EW Sure. We just wrote two patents on it, so I'm happy to share. The idea is that, as I said, we build an algorithm on how to fix a problem. Let's go back to the SQL injection because that's the one that most developers know. You have your SQL injection reported by, let's say, Checkmarx, one of the SaaS tools that we support, one of the leading tools in the market. They will tell us that there is a problem. We know that the problem was that the developer just used simple string concatenation to concatenate the user input with the SQL query, let's say. And the fix should be changing it to a prepared statement. We can do that, but finding a string concatenation can come in many shapes and forms. It can be a string plus value, but it can be StringBuilder, it could be StringConcat, it could be various different ways. And if we now go and spend a huge amount of time to capture all those patterns, that's going to be a problem for us. It will make us slower. Instead, we have the algorithms, but we use the AI to help us find the different patterns and do that small thing of change value with a question mark. I'm dumbing it down just for the sake of explanation, but that is the idea. We do the bulk of the work. We do the security research and all that. We let the AI do the string manipulations, the searches that it is doing really well. So far, the results, by the way, are awesome for us.

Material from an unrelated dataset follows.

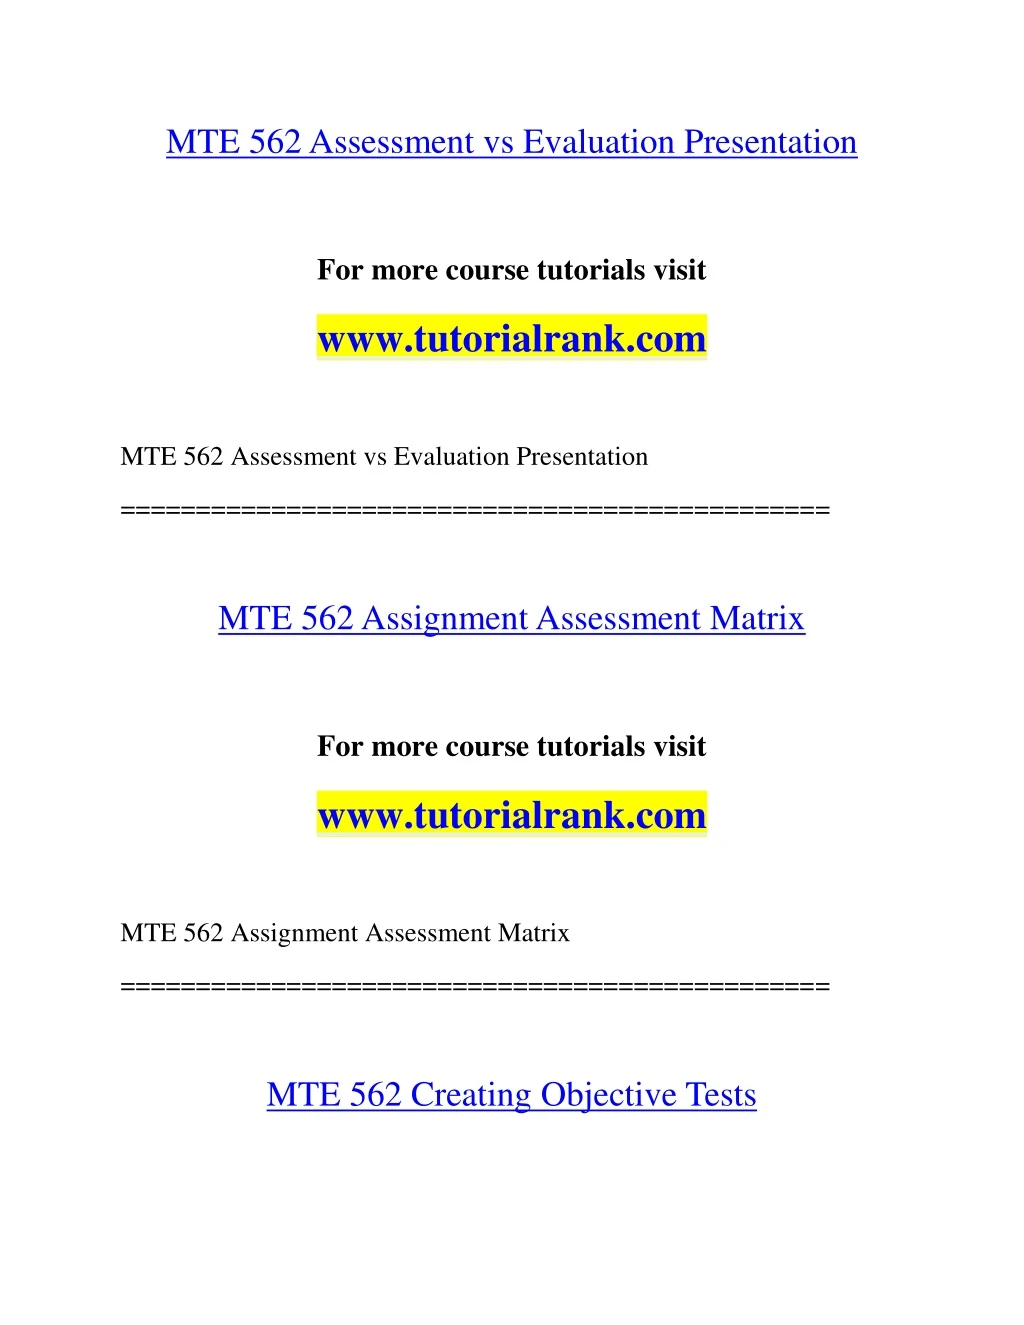 mte 562 assessment vs evaluation presentation

It saves a lot of time and it's accurate. It's surprisingly accurate.

RD I mean, a million hours. You say ‘surprisingly accurate.’ Are you surprised how accurate it is?

EW Yes. The first few researches that we did around AI were underwhelming to the extreme. We got about a 30% success rate with fixes, and even those, sometimes the fixes were really strange. It fixed the problem but in a way that no one should do. Sometimes it actually introduced new vulnerabilities, as you mentioned earlier. So we needed to figure out an approach where we put guardrails around the AI using it for what it is doing really well and not letting it go outside of those guardrails and hallucinate stuff.

RD And obviously you're looking at other people's code. What kind of security privacy stuff do you have in place to make sure that you are being trustworthy, but verified?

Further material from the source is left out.